Наратору в этой стране все казалось подозрительным, включая штепсели с розетками, а особенно вежливость соседей в его нынешней собесовской коммуналке; в Москве ведь сосед тебе прямо в глаза говорит, что писает тебе в суп и ты этот суп или не ешь, или ставь кастрюлю из кухни на ночь себе под кровать; здесь же сосед тебе улыбается, через каждое слово при встрече «сеньку» тебе говорит, но под этой вежливостью скрыт все тот же коммунальный садист. Соседи явно завидовали комнате Наратора с выходом в каменный дворик, тюремного вида, но все же дворик, камни которого заросли разнообразными могучими сорняками, утешающими глаз не хуже роз. Соседи, у которых для зелени были в распоряжении одни подоконники, явно завидовали, как всякий англичанин, зоопарку растительности во дворике Наратора и для нанесения вредительства использовали водосток со второго этажа. Сток переполнялся мыльной пеной, которая предназначалась для отравления обожаемых им сорняков и колючек. Если бы дело ограничивалось только глумлением над бедными изгнанниками английской флоры: соседи ведь и Наратора хотели уморить этими потоками мыльных смывок из ванны и сортира со всех трех этажей дома. Ведь сток прямо перед дверью из квартирки, и все мыльные сливки из ванны наверху мощным потоком разливаются по каменному дворику прямо перед дверью, и если соседи настырно наполняют ванну один за другим, то все эти потоки начинают просачиваться прямо в жилое помещение Наратора. При такой системе канализации надо соблюдать строгую очередность в принятии ванны, которая одна на всех земля обетованная, а не плескаться один за другим злоумышленно, пока сток не переполнялся и мыльные воды устремлялись к Наратору. Каждое утро по субботам, в банный день, Наратор стоял на страже перед стоком и сливной трубой со щеткой с резиновой насадкой на конце и этой самодельной помпой откачивал ванные помои в стоке, орудуя щеткой вверх и вниз, а соседи сверху высовывались и насмехались: «Физзарядка!» Отлучаясь на работу, Наратор забивал щель под дверью в каменный дворик тряпками, но зимой от тряпок этих вовнутрь помещения исходил пар, по стенам начинали течь ручьи, как в бане, а по ночам стены покрывались изморозью. Наратор кашлял, сморкался в бумажные платки и грел над газовой конфоркой отсыревшие простыни.
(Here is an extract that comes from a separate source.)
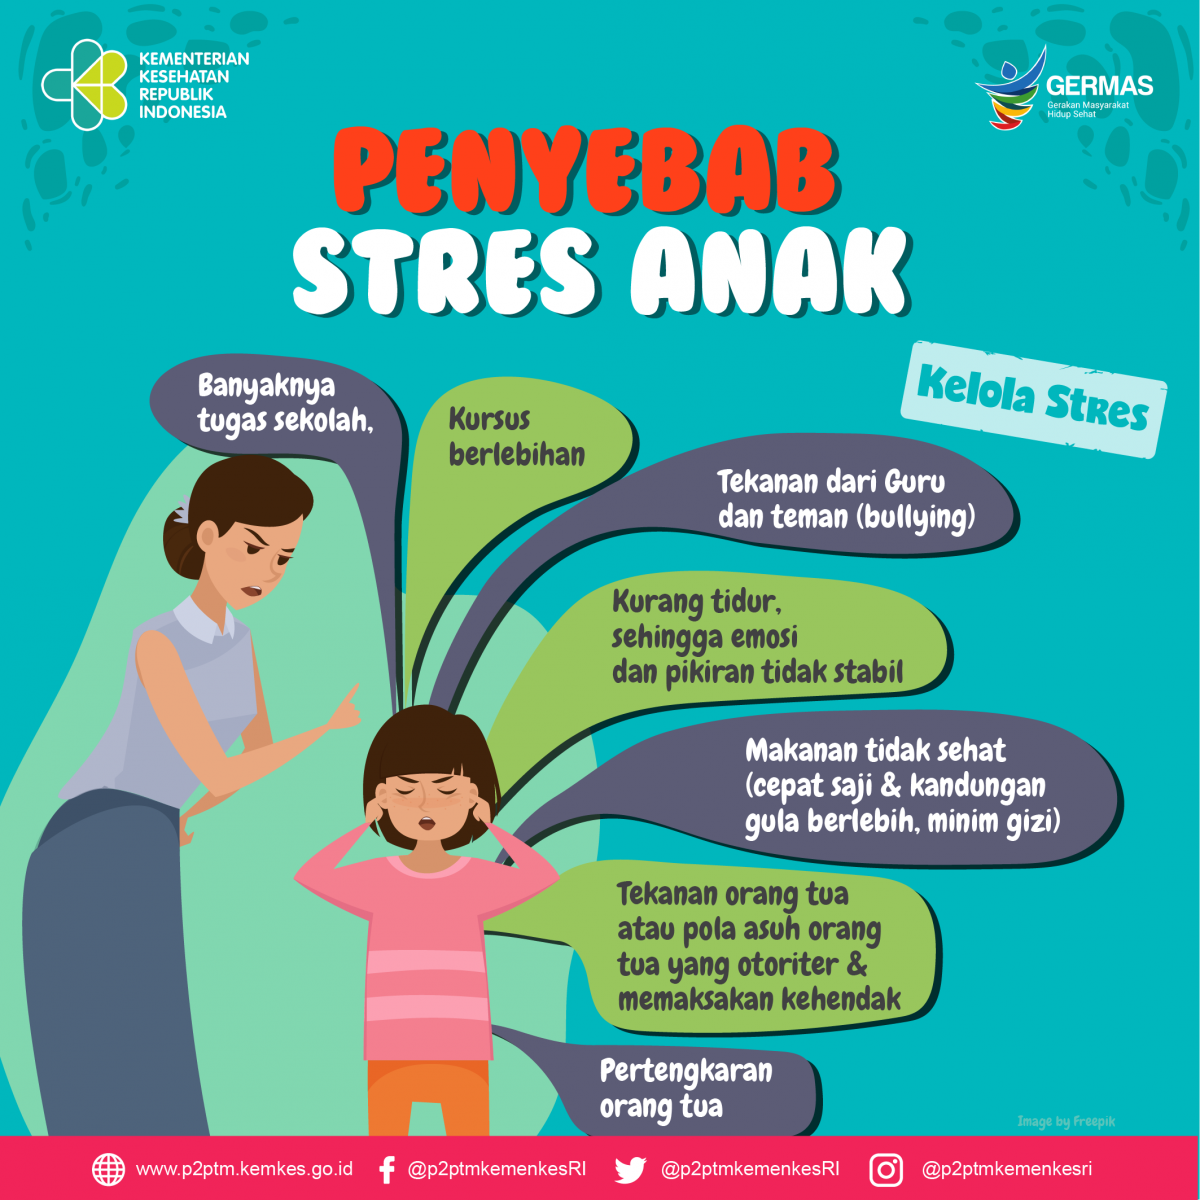 Apa saja yang menyebabkan stres pada Anak?

«Бедный наш брат, русский эмигрант», — слушая его, вздыхала Циля Хароновна. «Дело серьезное, — вторил ей доктор. — Надо было водопроводчика вызвать». Но Наратор от злоумышленности соседей перешел к обвинению всей улицы в целом и возбужденно излагал про штучки-дрючки с переговорным телефончиком, который при каждом звонке в парадной верещит, верещит, спать не дает. Он среди ночи снимает переговорную трубку с рычага, а в трубку голос: «Убирайся в свой Бангладеш!» И где этот самый Бангладеш, не говорит, гад; убирайся, и все; но ведь Наратор, он ведь из большой страны России, советской, можно сказать, но все-таки державы, где двести всяких Бангладешей, о которых никто не слышал, могут уместиться, и еще Наратору место останется, при чем тут Бангладеш какой-то и что он ему, Наратору, этот Бангладеш?
«Бангладеш — это Пакистан, — стал объяснять Наратору доктор. — У вас ведь в доме, как вы упоминали, пакистанец проживает? Так это ему предлагали убираться на родину. Вам не надо было на звонки отвечать. Здесь пакистанцев не любят».
«У нас в доме сосед индиец. Единственный хороший человек: ванной вообще не пользуется. Он мне со штепселями дал совет», — сказал Наратор.
«Индиец? Индийцев тоже не любят. Я не про вас говорю, а про англичан. А еще больше не любят французов. Их здесь, как и в России, называют лягушатниками».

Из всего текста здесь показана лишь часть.